Это нечто первично-природное, начисто утраченное Фердинандом и его окружением, заложено в Нине как возможность ее органического, внутренне свободного самоосуществления и образует в Нинином поведении узор, на который не может не отозваться Васенька, смутно чувствующий, что уютный, добрый, но эклектичный, разъятый на атрибуты (полевые венки, перстень, тонкая трость) мир семьи, всегда присутствующий в его отчетливом, рассудочном восприятии как некая «система счастья», плывет рядом с ним, даже сквозь него и все-таки вне его[204]

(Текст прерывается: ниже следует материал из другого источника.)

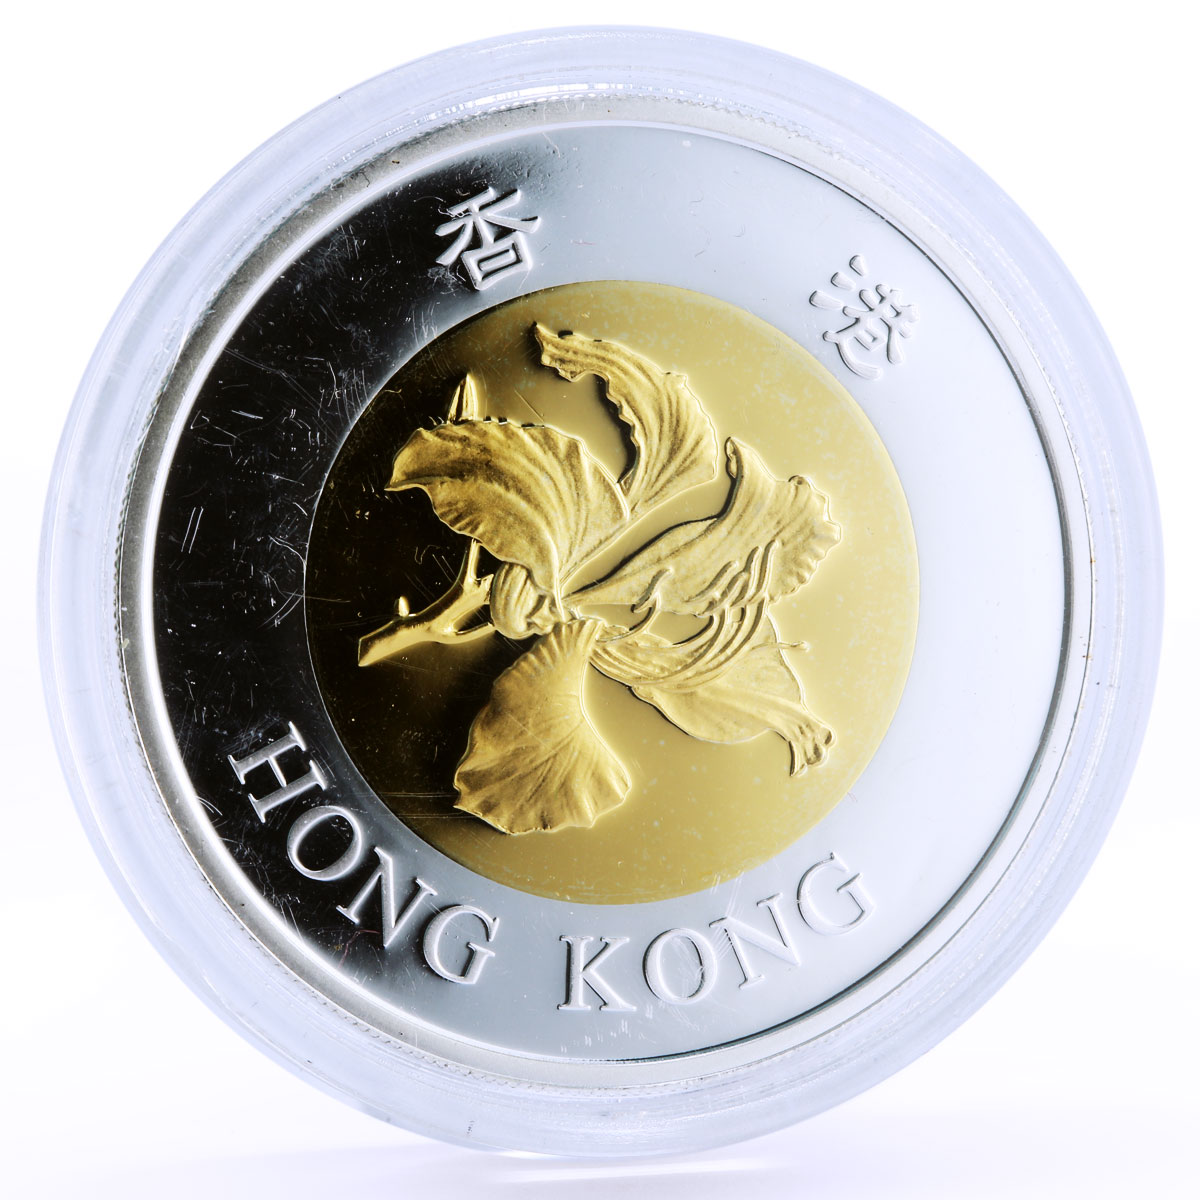 Hong Kong 50 dollars Good Luck Golden Fish Three Wishes gilded silver coin 2002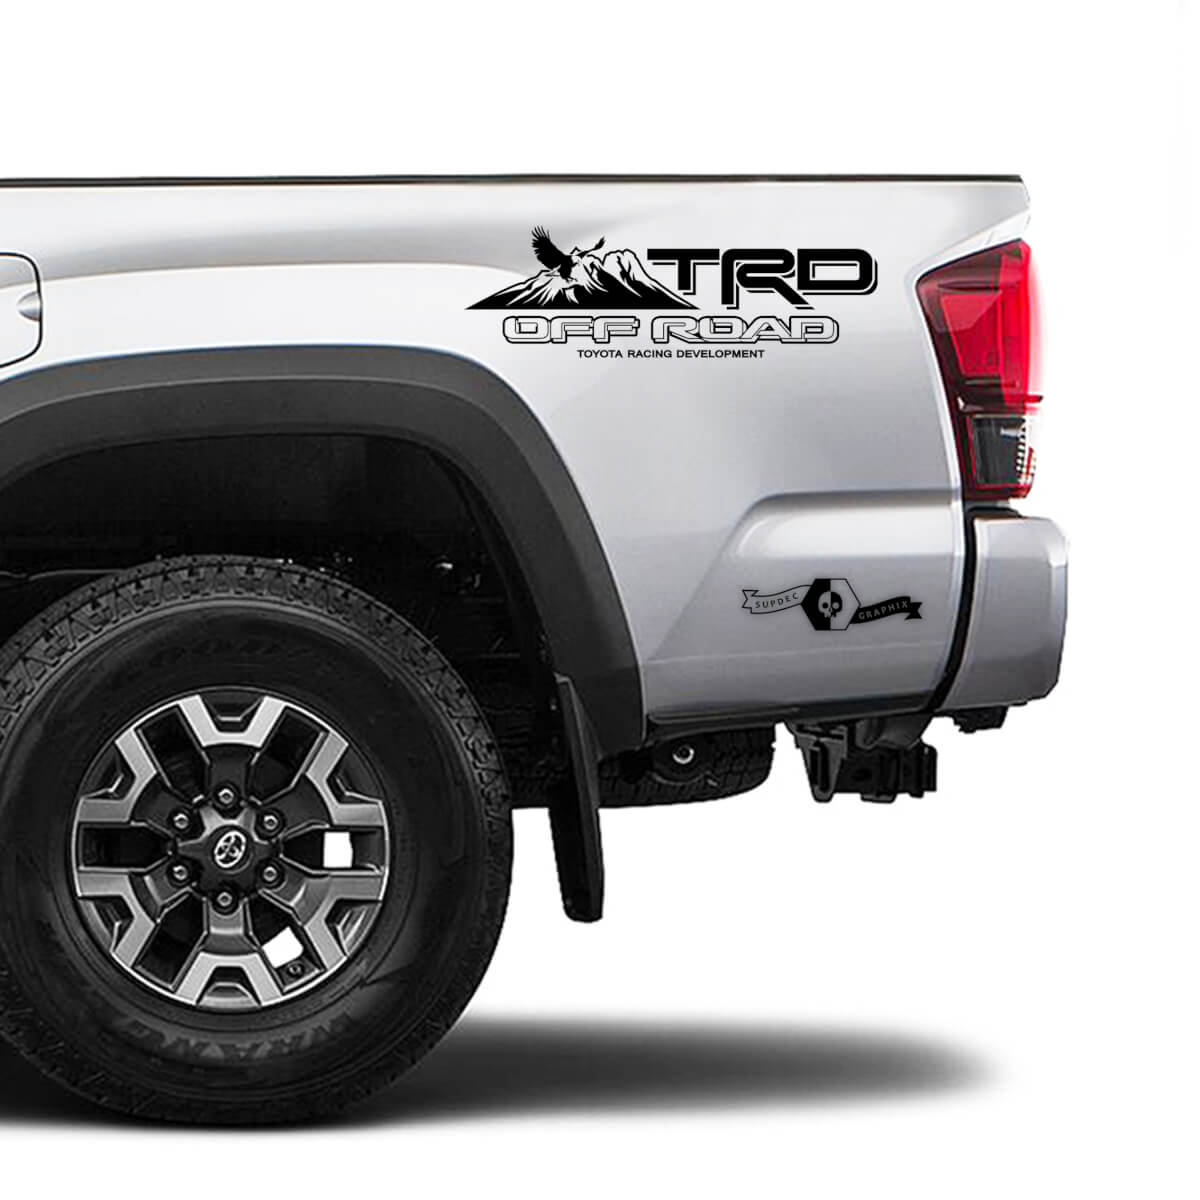 TRD Off Road TOYOTA Mountain Bald Eagle Decals Stickers for Tacoma Tundra 4Runner Hilux side

. Иное дело – Нина. «я познакомился с ней, – рассказывает Васенька, – очень уже давно, в тысяча девятьсот семнадцатом, должно быть, судя по тем местам, где время износилось»[205]. Замечание о времени означает, что Россия для эмигранта Васеньки стала метафизической реальностью («потусторонностью»), преданием, олицетворением чего-то неизменного, что осталось навсегда в прошлом[206] и угадывалось в Нине, оживляясь ее «чистосердечной естественностью» и «честной простотой». В этом и заключался исток особой притягательности Нины, так как свидания с нею призывали Васеньку назад, в прошлое, в «божественное пространство», в Россию: недаром во время встреч с Ниной он жил в ином, «менее плотном времени»[207], а окружающие предметы воспринимал как декорации, оставшиеся от каких-то других, доигранных жизней. И каждый раз Васенька отправлялся с Ниной в нескончаемую дорогу, как будто добавляя к пройденному пути еще небольшой кусочек. Но, хорошо зная, что конечной станции (его России) уже нет, он остро ощущал Нинину и свою бездомность. Однажды ему приснилось, что, положив под голову рогожку, бледная и замотанная в платок, она спит на сундуке у швейцара, спит мертвым сном, как «спят нищие переселенцы на богом забытых вокзалах»[208].Нина и в самом деле, впрочем, как и Васенька, переселенец из «божественного пространства». Невольно вспомнишь: «Ни огня, ни черной хаты… Глушь и снег…» Не исключено, что эти стихи и подсказали Набокову имя героини. Как и пушкинская Нина, она стала больше самой себя. Ее образ вобрал ностальгию автора, его память[209]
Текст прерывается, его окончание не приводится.